For the `singular_value_decomposition()` method:

https://docs.sympy.org/latest/modules/matrices/matrices.html

#Movie Ratings

In [4]:
A = np.vstack([[5,4,1],[5,5,0],[0,0,5],[1,0,4]])
A = Matrix([[5,4,1],[5,5,0],[0,0,5],[1,0,4]])
A

Matrix([
[5, 4, 1],
[5, 5, 0],
[0, 0, 5],
[1, 0, 4]])

In [None]:
# A.singular_value_decomposition()

In [None]:
# type(A)

numpy.ndarray

## Example 4.13
Computing the SVD

In [5]:
A = Matrix([[1,0,1],[-2,1,0]])
A

Matrix([
[ 1, 0, 1],
[-2, 1, 0]])

In [6]:
A.T

Matrix([
[1, -2],
[0,  1],
[1,  0]])

In [7]:
ATA = A.T*A
ATA

Matrix([
[ 5, -2, 1],
[-2,  1, 0],
[ 1,  0, 1]])

In [8]:
ATA.eigenvals()

{6: 1, 1: 1, 0: 1}

In [9]:
e_vects = ATA.eigenvects()
e_vects

[(0,
  1,
  [Matrix([
   [-1],
   [-2],
   [ 1]])]),
 (1,
  1,
  [Matrix([
   [  0],
   [1/2],
   [  1]])]),
 (6,
  1,
  [Matrix([
   [ 5],
   [-2],
   [ 1]])])]

Sort the eigenvectors by eigenvectors decreasing values

In [10]:
e_vects = e_vects[::-1]
e_vects

[(6,
  1,
  [Matrix([
   [ 5],
   [-2],
   [ 1]])]),
 (1,
  1,
  [Matrix([
   [  0],
   [1/2],
   [  1]])]),
 (0,
  1,
  [Matrix([
   [-1],
   [-2],
   [ 1]])])]

Normalize the first eigenvector

In [11]:
e_vec1 = e_vects[0]
v1= e_vec1[2]
v1 = v1[0].normalized()
v1

Matrix([
[  sqrt(30)/6],
[-sqrt(30)/15],
[ sqrt(30)/30]])

Check: is it really an eigenvector?

In [None]:
ATA*v1 == 6* v1

True

Normalize the second eigenvector

In [17]:
e_vec2 = e_vects[1]
v2=e_vec2[2][0].normalized()
v2

Matrix([
[          0],
[  sqrt(5)/5],
[2*sqrt(5)/5]])

Normalize the third eigenvector

In [14]:
v3 = e_vects[2][2][0]
v3=v3.normalized()
v3

Matrix([
[-sqrt(6)/6],
[-sqrt(6)/3],
[ sqrt(6)/6]])

Build the $V$ matrix

In [18]:
V = Matrix([[v1.T],[v2.T],[v3.T]]).T
V

Matrix([
[  sqrt(30)/6,           0, -sqrt(6)/6],
[-sqrt(30)/15,   sqrt(5)/5, -sqrt(6)/3],
[ sqrt(30)/30, 2*sqrt(5)/5,  sqrt(6)/6]])
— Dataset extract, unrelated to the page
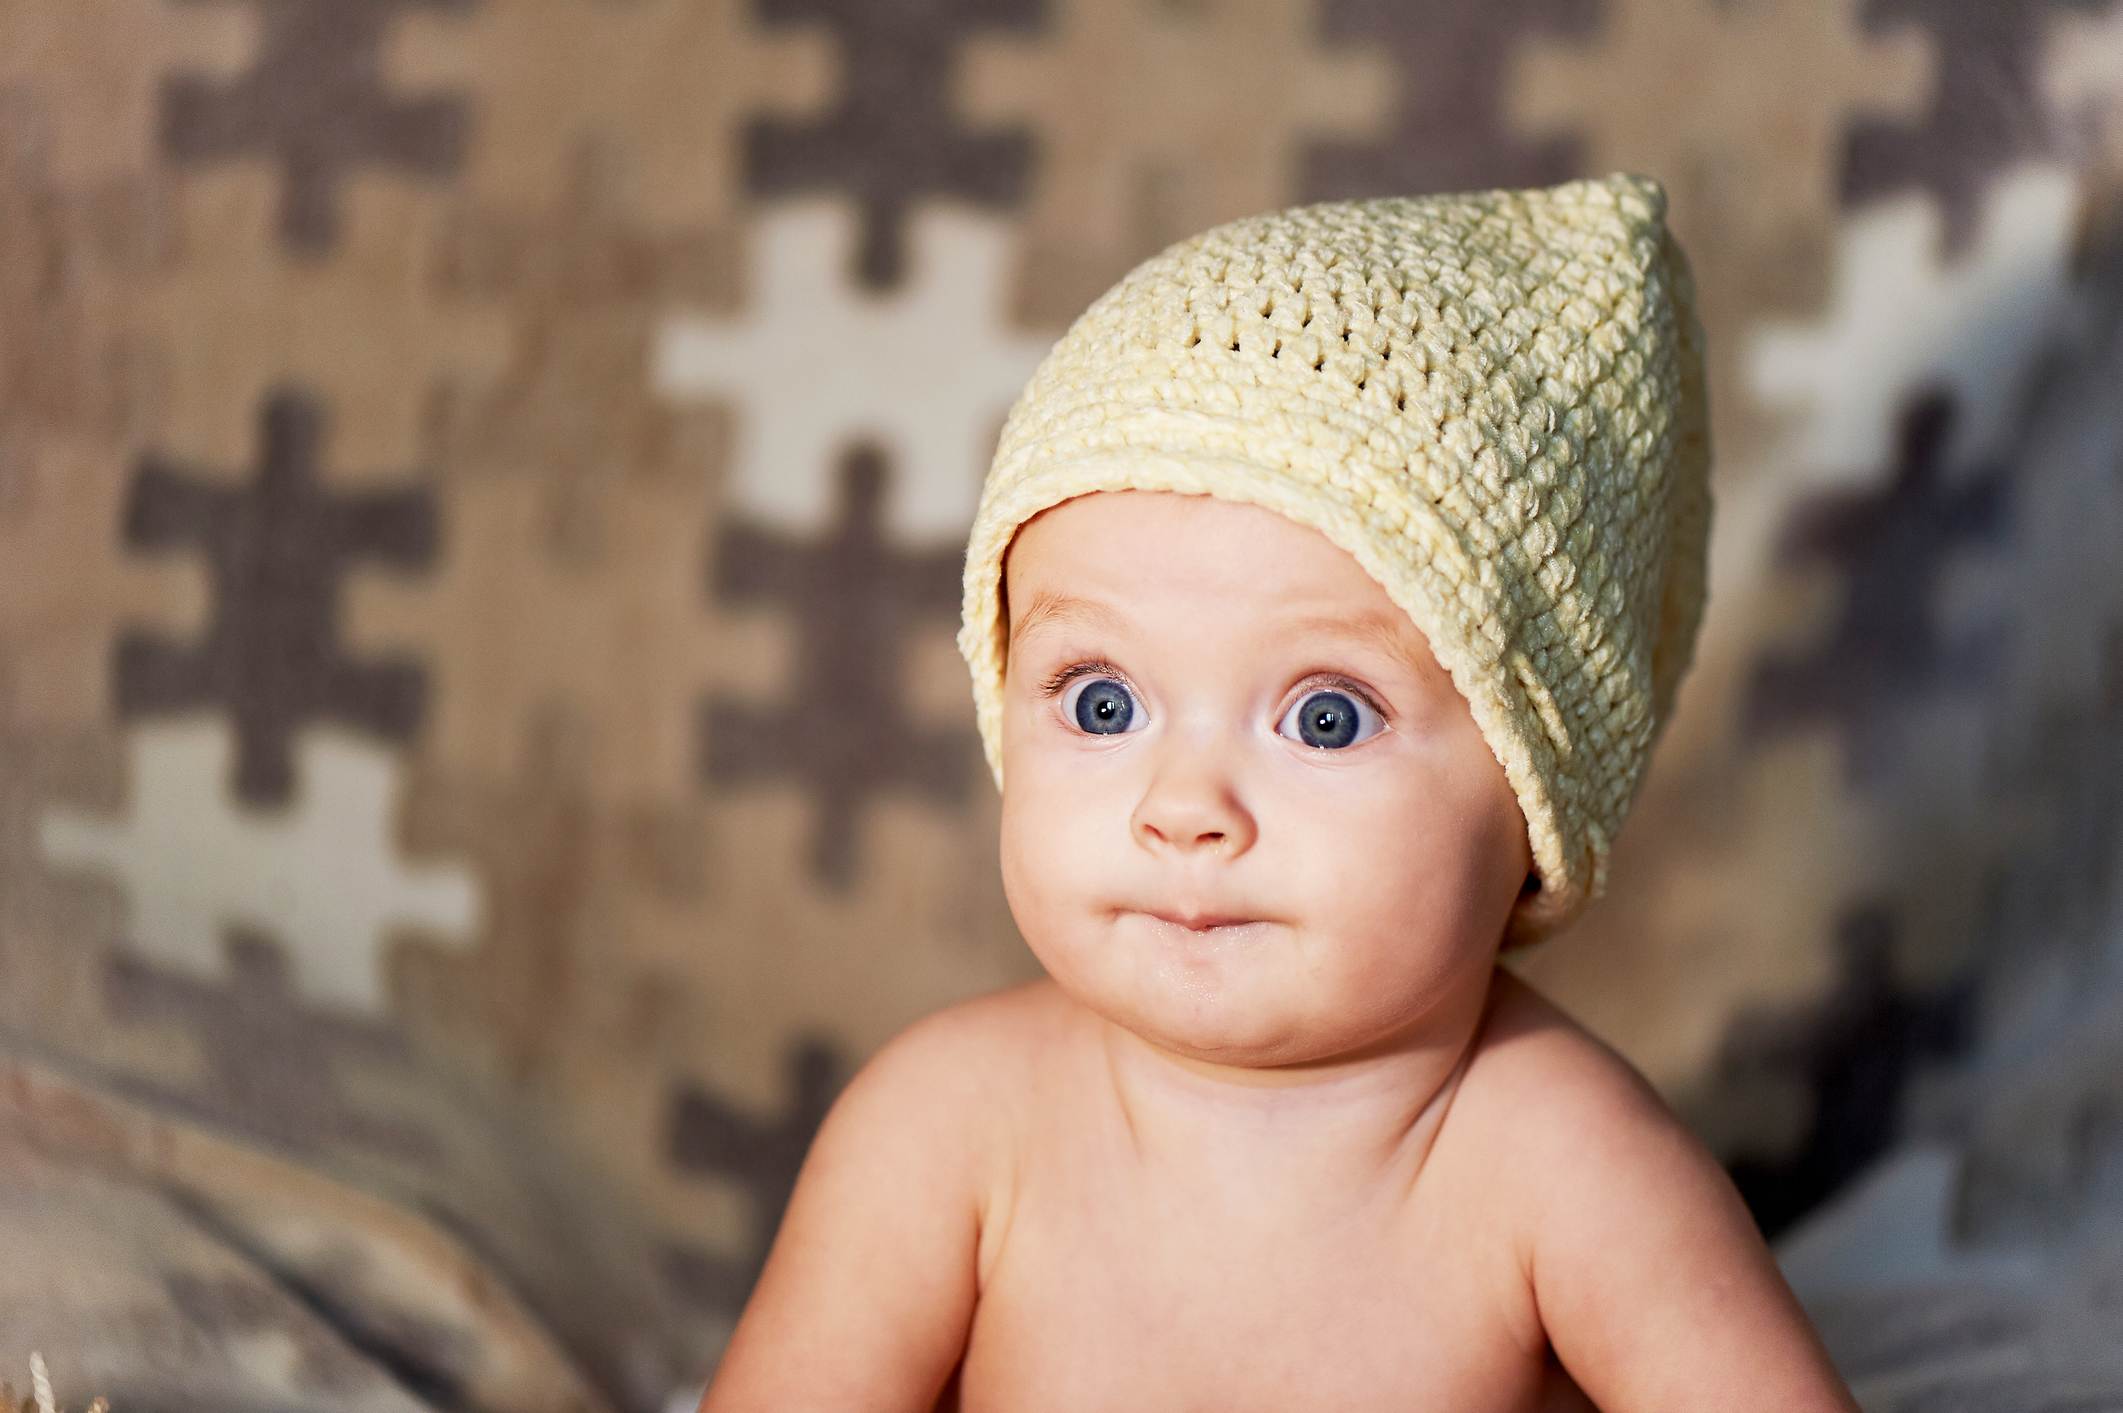 Little Newborn baby with big eyes hat knitting on a plain background

Check that $V$ is orthogonal

In [19]:
V*V.T

Matrix([
[1, 0, 0],
[0, 1, 0],
[0, 0, 1]])

In [None]:
ATA*V

Matrix([
[     sqrt(30),           0, 0],
[-2*sqrt(30)/5,   sqrt(5)/5, 0],
[   sqrt(30)/5, 2*sqrt(5)/5, 0]])

Set the diagonal matrix $\Sigma^2$, for sake of notation, we'll label it as $D$.

Here the order is important, as it has to match the order of eigenvectors in $V$.

In [20]:
D = Matrix([[6,0,0],[0,1,0],[0,0,0]])
D

Matrix([
[6, 0, 0],
[0, 1, 0],
[0, 0, 0]])

Can you explain why $V\cdot D \cdot V^T = A^T\cdot A$?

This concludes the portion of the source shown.